太无耻了,威廉姆斯王子一脑门子黑线,他跟着“神棍”汉语导师学习过几年,对金屋藏娇这个典故还是知道的。这个无良的便宜姐夫到底是什么意思,也太不把自己当回事了,难道姐姐就是他心目中的“陈阿娇”,忒伤人了。他恨自己的无能,不能给姐姐太多的帮助,不能帮助姐姐逃脱自己的宿命,陷入深深的自责中。
“喂~臭小子,乱想什么,我说的这个骄,是天之骄女的骄。想你姐姐这样的天之骄女,我疼还来不及。就你那半吊子汉语水平,瞎琢磨什么。

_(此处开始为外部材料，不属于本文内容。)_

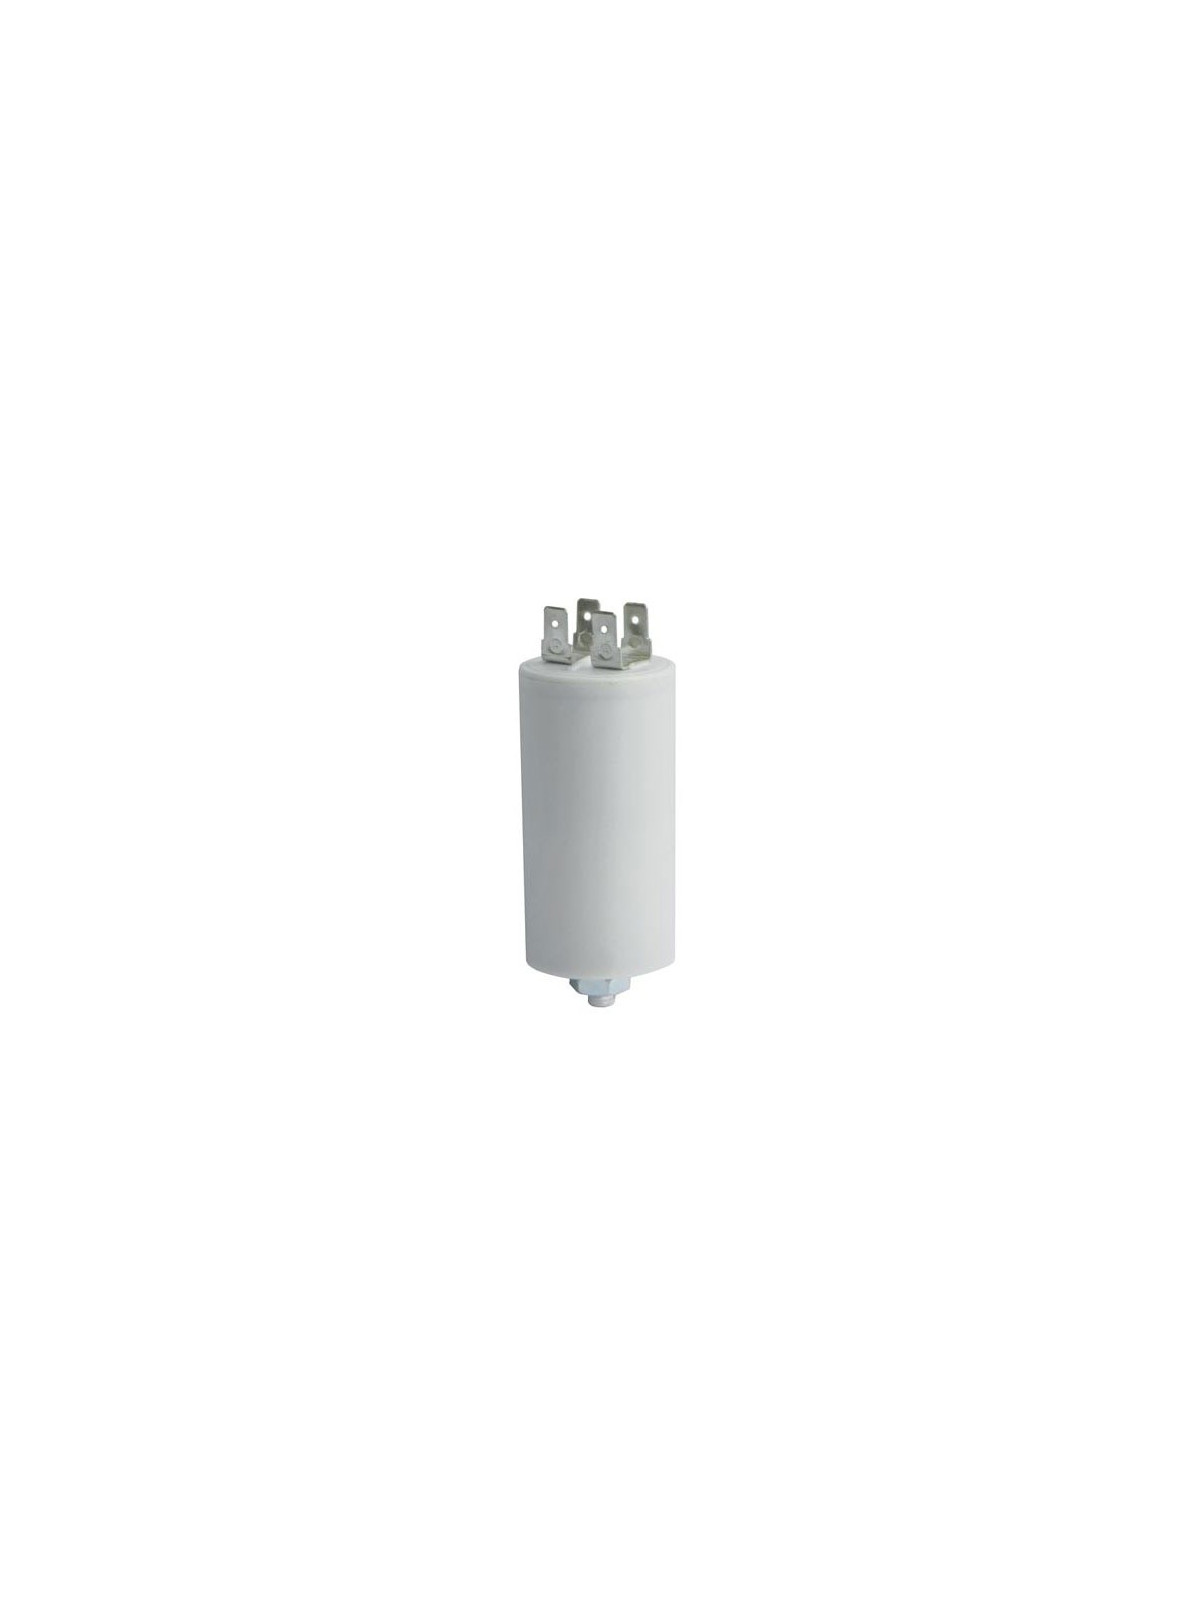 Condensateur de démarrage 8μF - 400 / 450V - Lave linge & sèche linge

看你那双眼睛,恨不得择人而噬。”孙旭东鄙夷地嘲讽道,小子,姐夫给你上课呢,你喜欢“小雏菊“那是你的喜好,你就不能学学金屋藏娇,闹得人皆知之,还把自己的**暴露在阳光下,被人抓住痛脚。
“呃~….”威廉姆斯王子的表情很精彩,喏喏不知所言。
看着威廉姆斯王子阴沉的快要滴水的臭脸,孙旭东也不好再过多的刺激,有些事点到即止。他侃侃一笑道:“看看我这个金屋怎么样,还入得眼吧。”说完,亲自倒了一杯红酒,递了过去。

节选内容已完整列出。